- Work task
The answer should be each line from the entries below that has the word "Zeitschrift" in it.
(Material for the task begins)
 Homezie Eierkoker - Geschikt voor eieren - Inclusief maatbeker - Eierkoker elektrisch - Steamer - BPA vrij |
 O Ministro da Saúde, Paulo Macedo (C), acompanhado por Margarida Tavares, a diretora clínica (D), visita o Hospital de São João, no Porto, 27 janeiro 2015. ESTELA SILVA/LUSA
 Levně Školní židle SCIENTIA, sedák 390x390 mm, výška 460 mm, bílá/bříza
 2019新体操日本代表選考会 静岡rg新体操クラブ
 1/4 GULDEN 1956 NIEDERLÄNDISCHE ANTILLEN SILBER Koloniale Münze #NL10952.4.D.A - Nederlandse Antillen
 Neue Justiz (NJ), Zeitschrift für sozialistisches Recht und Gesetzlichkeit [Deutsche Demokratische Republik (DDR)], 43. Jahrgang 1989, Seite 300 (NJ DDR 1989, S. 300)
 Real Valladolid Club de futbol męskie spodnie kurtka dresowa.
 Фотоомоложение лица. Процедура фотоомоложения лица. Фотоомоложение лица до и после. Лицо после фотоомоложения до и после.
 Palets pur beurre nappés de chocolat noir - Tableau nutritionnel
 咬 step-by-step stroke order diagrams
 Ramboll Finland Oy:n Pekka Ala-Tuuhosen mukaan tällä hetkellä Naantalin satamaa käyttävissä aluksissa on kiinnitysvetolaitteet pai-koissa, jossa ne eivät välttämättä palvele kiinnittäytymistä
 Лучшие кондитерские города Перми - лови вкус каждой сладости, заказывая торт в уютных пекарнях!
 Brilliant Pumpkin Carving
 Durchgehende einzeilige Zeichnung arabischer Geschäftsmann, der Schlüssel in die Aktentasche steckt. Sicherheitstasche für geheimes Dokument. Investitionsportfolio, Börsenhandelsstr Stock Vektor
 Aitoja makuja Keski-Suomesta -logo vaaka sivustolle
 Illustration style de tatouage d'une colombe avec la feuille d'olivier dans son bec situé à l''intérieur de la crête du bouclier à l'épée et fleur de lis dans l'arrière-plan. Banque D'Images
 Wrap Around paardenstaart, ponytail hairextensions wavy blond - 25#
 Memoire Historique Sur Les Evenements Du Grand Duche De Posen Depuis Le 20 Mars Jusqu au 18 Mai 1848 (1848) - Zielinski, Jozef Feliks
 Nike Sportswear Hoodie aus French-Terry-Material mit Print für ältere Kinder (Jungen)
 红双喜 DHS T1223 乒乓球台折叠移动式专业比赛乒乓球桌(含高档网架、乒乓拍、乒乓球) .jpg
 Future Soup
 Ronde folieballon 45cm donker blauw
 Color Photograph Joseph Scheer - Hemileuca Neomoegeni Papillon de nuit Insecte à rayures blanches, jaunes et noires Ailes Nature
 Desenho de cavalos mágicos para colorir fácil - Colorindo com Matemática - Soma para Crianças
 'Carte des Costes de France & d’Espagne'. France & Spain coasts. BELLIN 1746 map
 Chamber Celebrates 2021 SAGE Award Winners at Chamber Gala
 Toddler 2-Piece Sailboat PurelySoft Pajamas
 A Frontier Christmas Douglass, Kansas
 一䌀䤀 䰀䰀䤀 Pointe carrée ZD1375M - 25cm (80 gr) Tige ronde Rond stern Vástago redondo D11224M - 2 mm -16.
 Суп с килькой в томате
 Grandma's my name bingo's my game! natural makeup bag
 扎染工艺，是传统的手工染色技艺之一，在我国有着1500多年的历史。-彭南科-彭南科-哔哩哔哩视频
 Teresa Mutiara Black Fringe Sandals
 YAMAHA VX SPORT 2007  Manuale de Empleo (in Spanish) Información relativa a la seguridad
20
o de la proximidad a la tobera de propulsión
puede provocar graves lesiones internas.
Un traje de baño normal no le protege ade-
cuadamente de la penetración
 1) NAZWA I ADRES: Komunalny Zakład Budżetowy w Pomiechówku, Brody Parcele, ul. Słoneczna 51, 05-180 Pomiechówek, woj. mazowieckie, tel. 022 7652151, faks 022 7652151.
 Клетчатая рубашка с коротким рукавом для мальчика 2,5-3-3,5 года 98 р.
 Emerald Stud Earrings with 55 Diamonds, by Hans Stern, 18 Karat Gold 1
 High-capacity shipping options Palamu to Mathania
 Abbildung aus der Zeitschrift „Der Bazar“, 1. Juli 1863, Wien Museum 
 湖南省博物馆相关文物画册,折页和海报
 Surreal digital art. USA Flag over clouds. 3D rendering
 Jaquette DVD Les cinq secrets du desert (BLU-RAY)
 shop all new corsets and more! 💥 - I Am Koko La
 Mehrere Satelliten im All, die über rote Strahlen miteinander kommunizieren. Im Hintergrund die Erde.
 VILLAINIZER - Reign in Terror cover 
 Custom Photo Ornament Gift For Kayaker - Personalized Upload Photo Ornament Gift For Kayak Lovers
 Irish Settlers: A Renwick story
(Material for the task ends)
- Response to the exercise
 Neue Justiz (NJ), Zeitschrift für sozialistisches Recht und Gesetzlichkeit [Deutsche Demokratische Republik (DDR)], 43. Jahrgang 1989, Seite 300 (NJ DDR 1989, S. 300)
 Abbildung aus der Zeitschrift „Der Bazar“, 1. Juli 1863, Wien Museum 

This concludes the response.